Aim of the task:
Could you output the listing that follows exactly, without its images?

Source material:
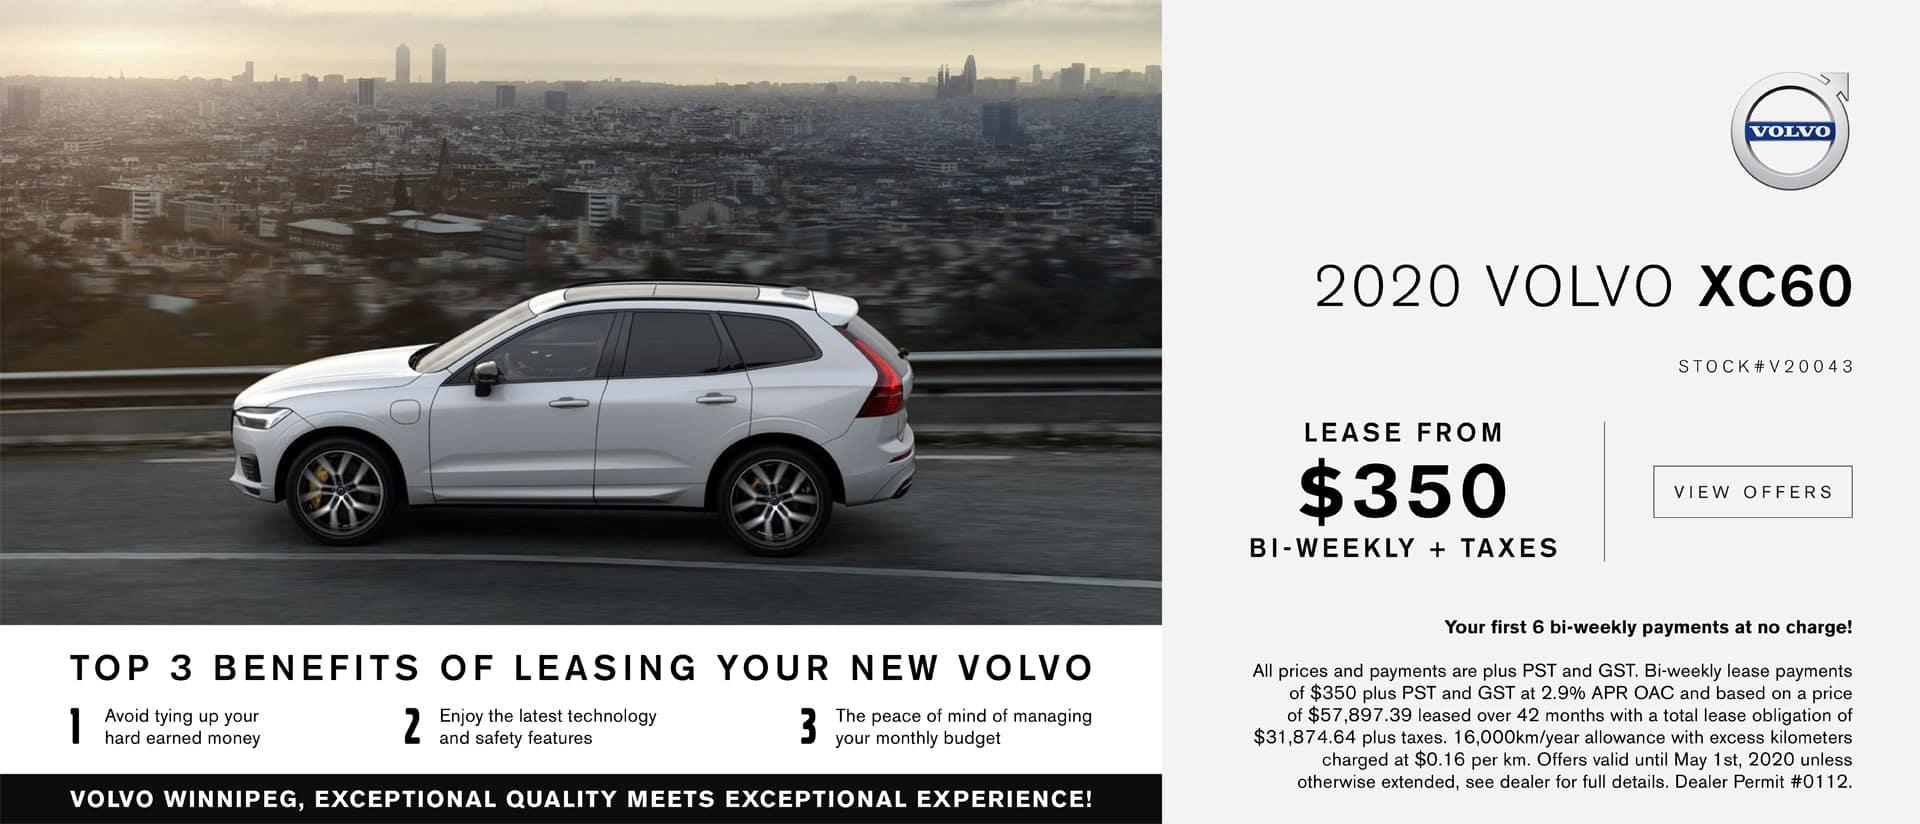 Volvo Winnipeg April XC60 Lease Offer
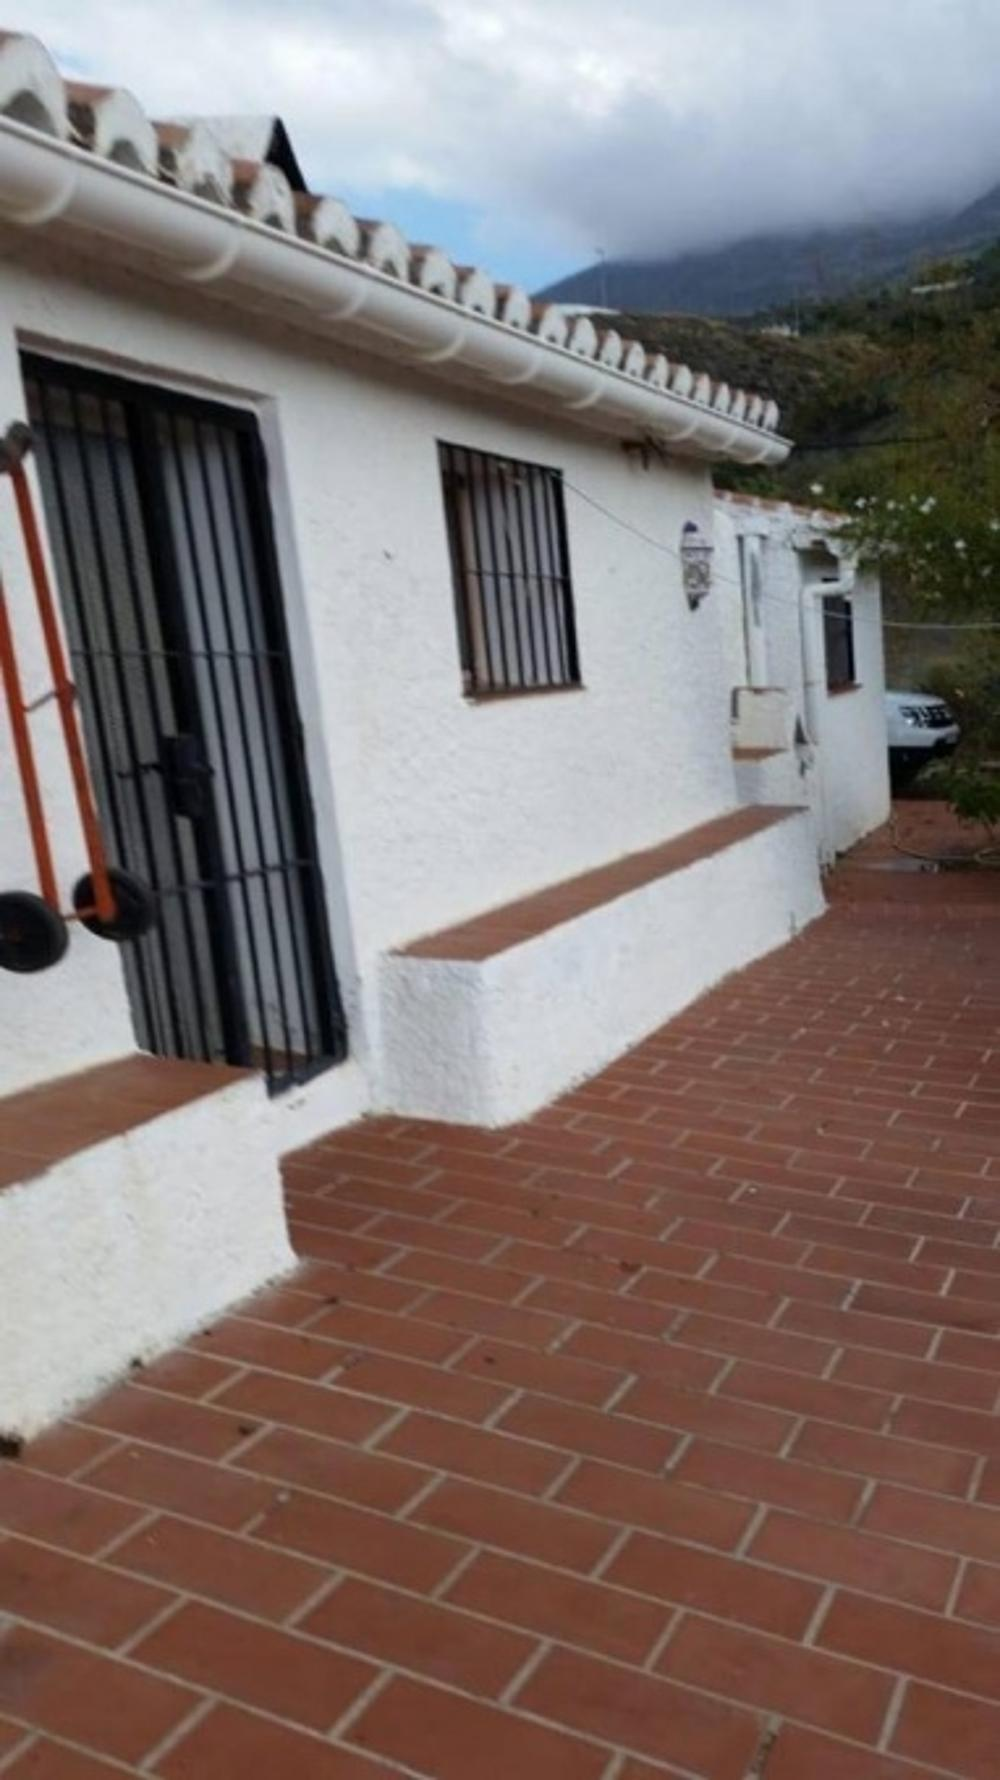 canillas de aceituno málaga hus på landet foto 3699069
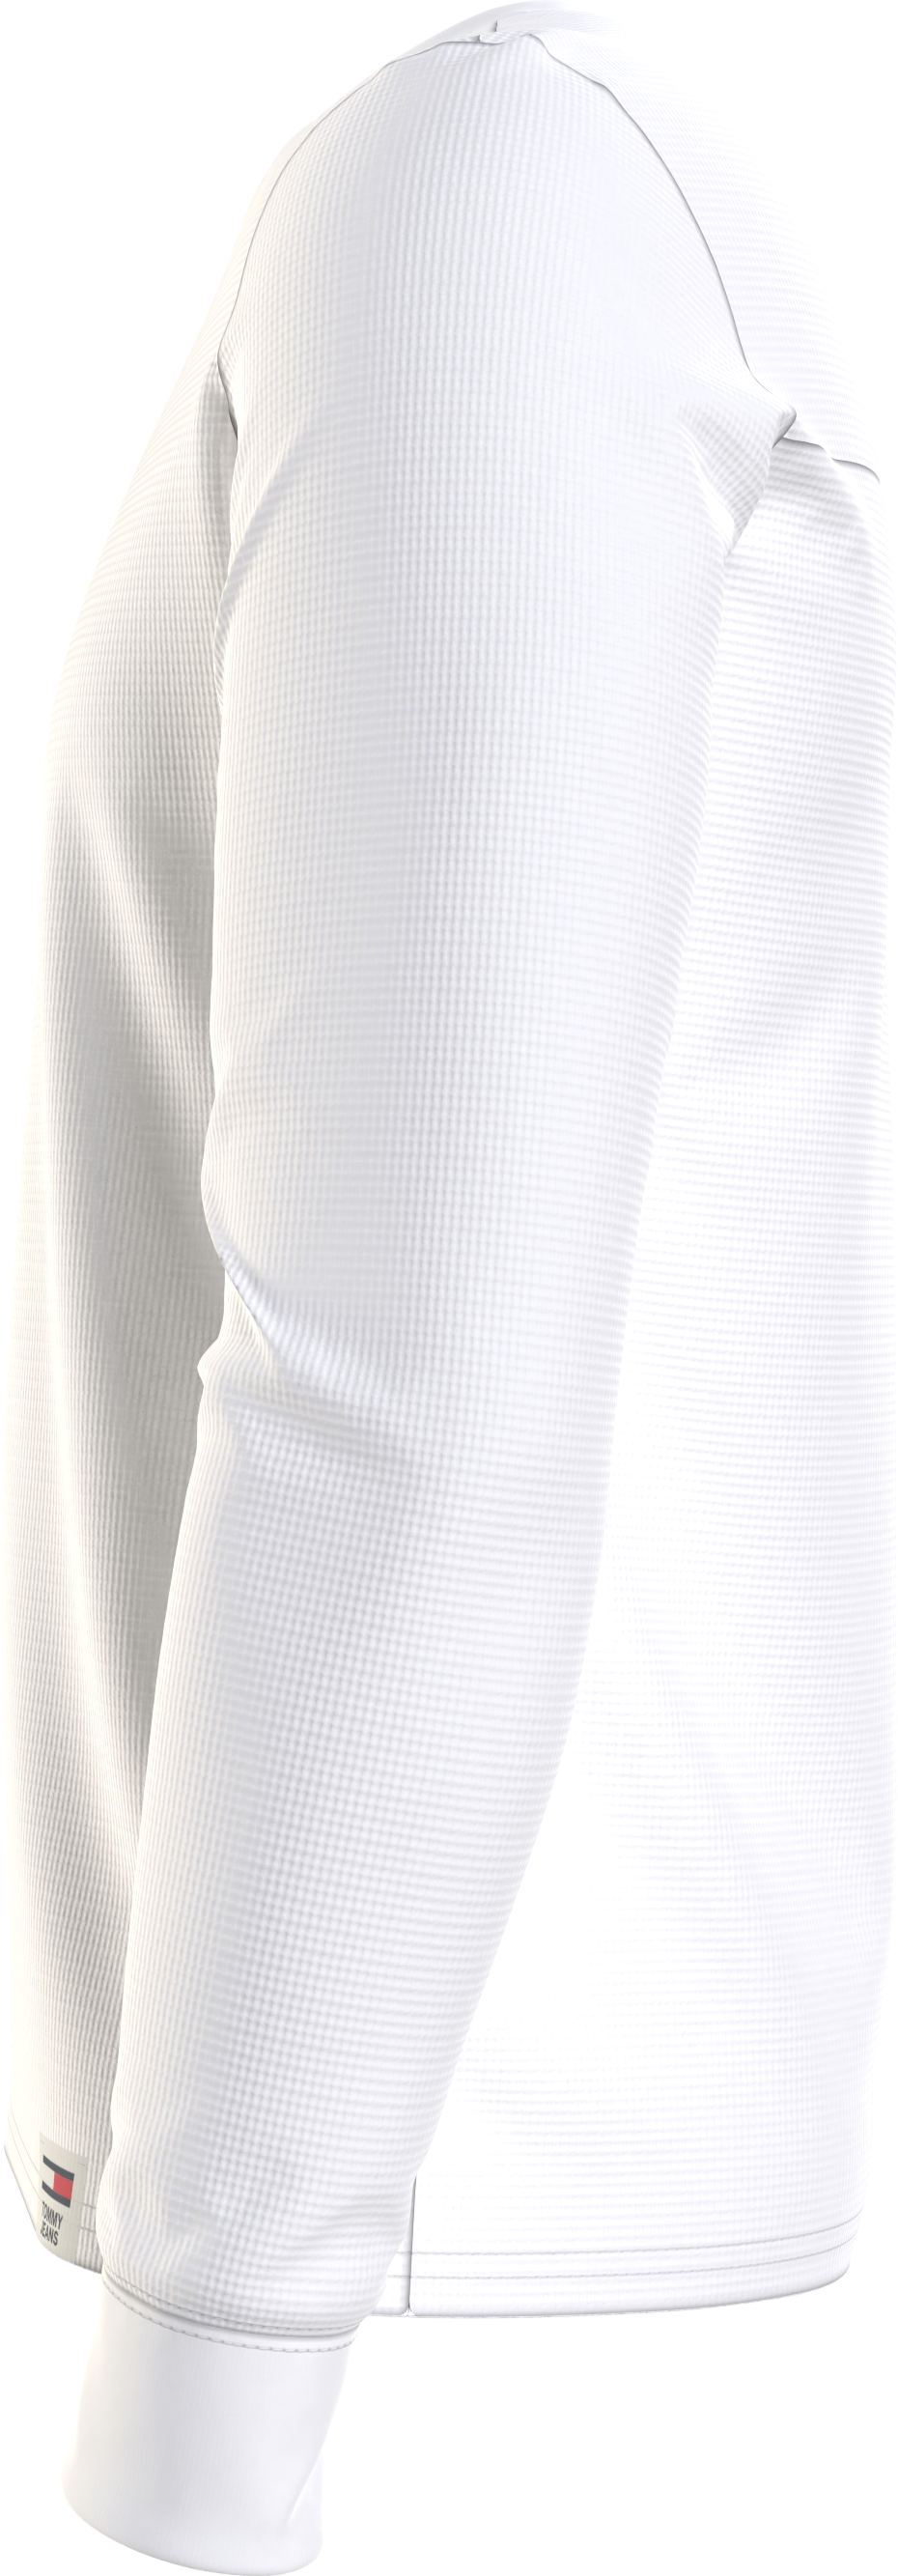 Hilfiger Denim Waffle Snit Sweatshirt, Hvid, M

Written answer:
 Volvo Winnipeg April XC60 Lease Offer
 canillas de aceituno málaga hus på landet foto 3699069
 Hilfiger Denim Waffle Snit Sweatshirt, Hvid, M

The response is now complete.